Wir blieben allein. Natascha nahm schweigend meine Hand und blieb stumm, als wüßte sie nicht, womit sie beginnen sollte.

„Ich fühle mich so müde!“ sagte sie endlich mit schwacher Stimme. „Höre, du gehst doch morgen zu ihnen?“

„Selbstverständlich.“

„Mama kannst du es erzählen, ihm aber nicht.“

„Von dir spreche ich ja auch sonst nie mit ihm.“

„Er wird es ja sowieso erfahren. Achte darauf, wie er es aufnehmen wird. Mein Gott, Wanjä! Wird er mich wirklich dieser Ehe wegen verfluchen? Nein, das kann nicht sein!“

„Das wird alles vom Fürsten abhängen,“ beeilte ich mich zu versichern. „Er muß sich mit ihm aussöhnen und dann wird alles anders werden.“

„O, großer Gott! Wenn es möglich wäre, wenn das nur möglich wäre!“ rief sie verzweifelt aus.

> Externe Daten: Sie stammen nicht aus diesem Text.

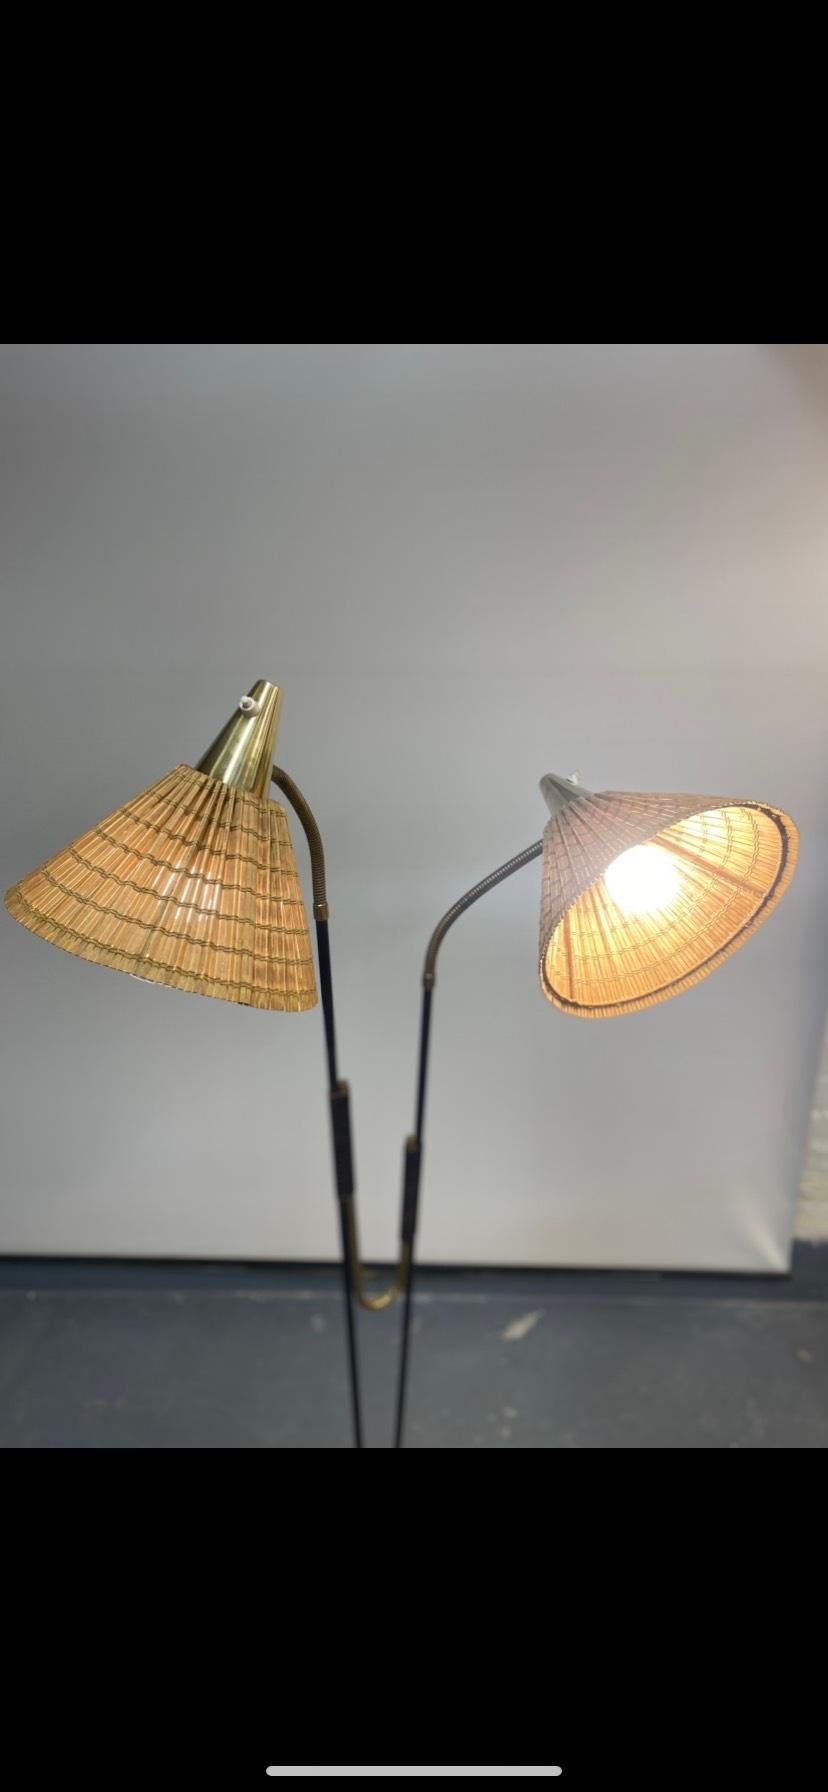 Un lampadaire Itsu assez rare avec un beau design présentant deux têtes lumineuses distinctes, qui peuvent être ajustées dans presque toutes les directions souhaitées. Le métal peint en noir et les pièces en laiton s'accordent parfaitement dans ce
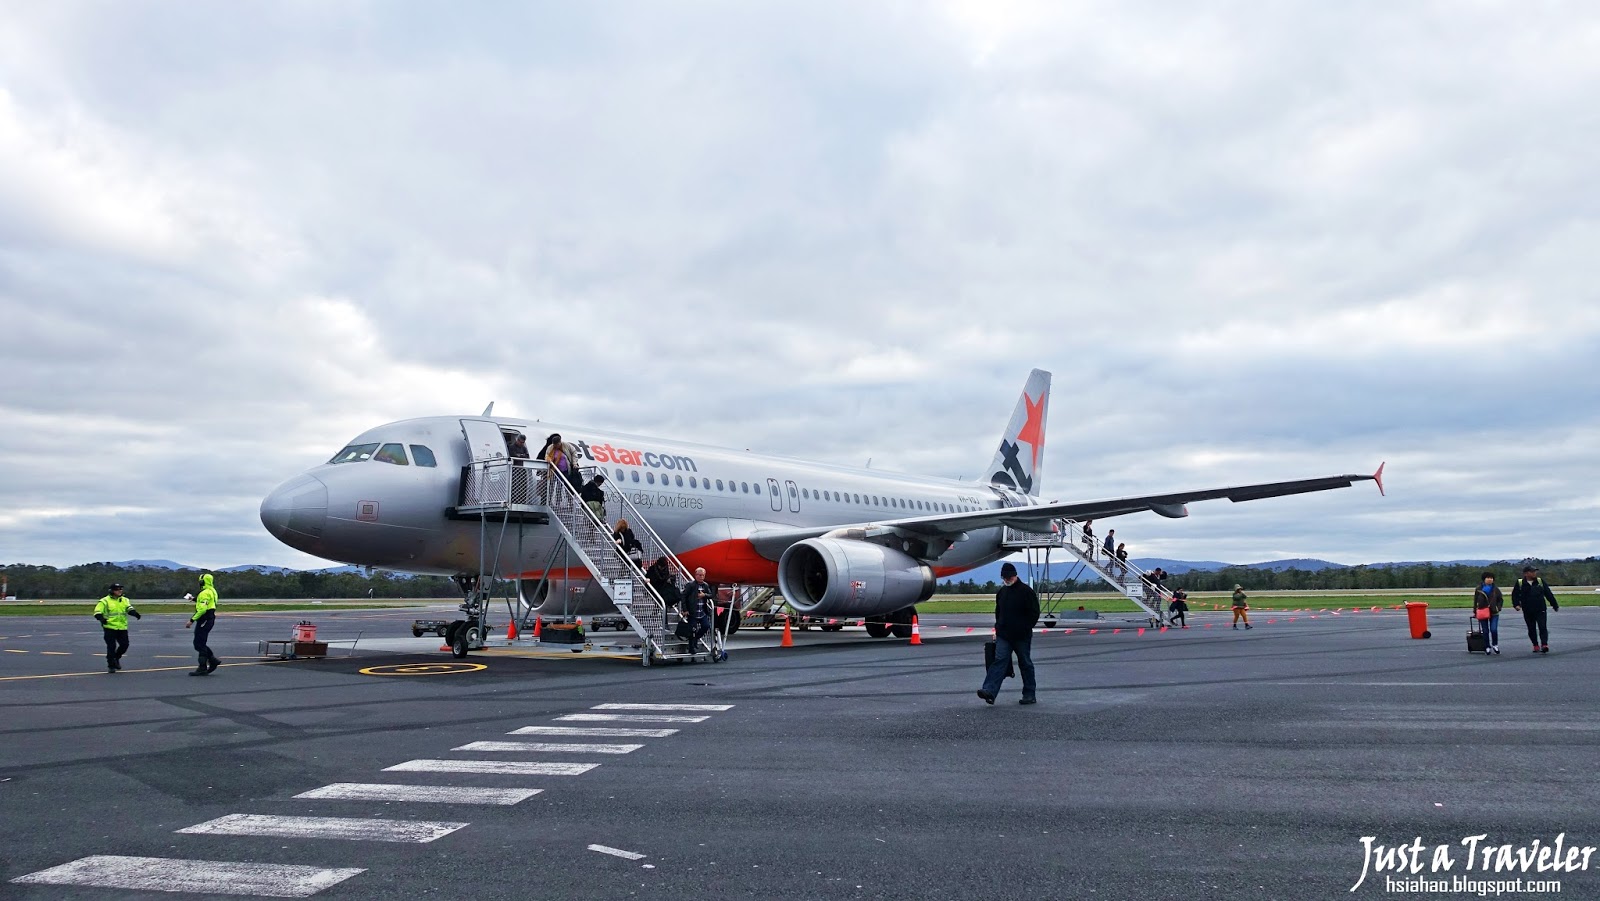 澳洲-廉航-廉價航空-布里斯本機場-塔斯馬尼亞-荷伯特機場-捷星-維珍-機票-訂票-Australia-Budget-Airline-Brisbane-Tasmania-Airport-Jetstar-Virgin

„Beunruhige dich nicht, Natascha, alles wird sich jetzt zum besten kehren.“

Sie sah mich forschend an.

„Wanjä, wie denkst du vom Fürsten?“

„Wenn er wirklich aufrichtig gesprochen hat, so ist er meiner Meinung nach ein edler Mensch!“

„Wenn er aufrichtig gesprochen hat? Was willst du damit sagen? Könnte er denn auch unaufrichtig gesprochen haben?“

„Mir scheint es auch so,“ antwortete ich ausweichend. „Also steigen auch in ihr Zweifel auf,“ dachte ich bei mir. „Sonderbar!“

„Du sahst ihn so eigentümlich an ... so beobachtend ...“

„Ja, er schien mir etwas – merkwürdig.“

„Und mir auch. Er spricht so seltsam. – Doch ich bin jetzt müde, mein Lieber. Weißt du? Gehe auch du nach Haus. Und morgen komme von ihnen so bald als möglich zu mir. Du, es lag doch nichts Beleidigendes darin, daß ich ihm sagte, ich wollte ihn schnell lieben lernen?“

„Nein ... wieso Beleidigendes?“

„Und ... auch nichts Dummes? Denn es hieß doch eigentlich, daß ich ihn jetzt noch nicht liebe.“

„Im Gegenteil, das war sehr schön von dir, so naiv und spontan. Du warst so wunderbar in diesem Augenblick! Dumm wäre nur _er_, wenn er es mit seinem Gesellschaftsempfinden nicht verstünde!“

„Du scheinst ihm nicht gut gesinnt zu sein, Wanjä? Wie schlecht, mißtrauisch und ehrgeizig ich dagegen bin! Lache nicht über mich, du weißt, ich verberge nichts vor dir. Ach, Wanjä, du mein lieber Freund! Wenn ich nun jetzt wieder unglücklich werde, wenn das Leid wieder zu mir kommt, dann wirst du der Einzige sein, der bei mir bleibt! Wodurch habe ich das alles verdient! Verwünsche du mich nie, Wanjä! ...“

Als ich nach Hause zurückgekehrt war, legte ich mich sofort zu Bett. Im Zimmer bei mir war es feucht und dunkel wie in einem Keller. Sonderbare Gedanken und Empfindungen wogten in mir auf und ab, lange konnte ich nicht einschlafen.

Doch, wie muß an diesem Abend jener Mensch gelacht haben, der in seiner luxuriösen Wohnung in weichem Bette ruhig einschlief – wenn er uns überhaupt eines Lächelns würdigte! Wahrscheinlich tat er aber wohl das nicht einmal!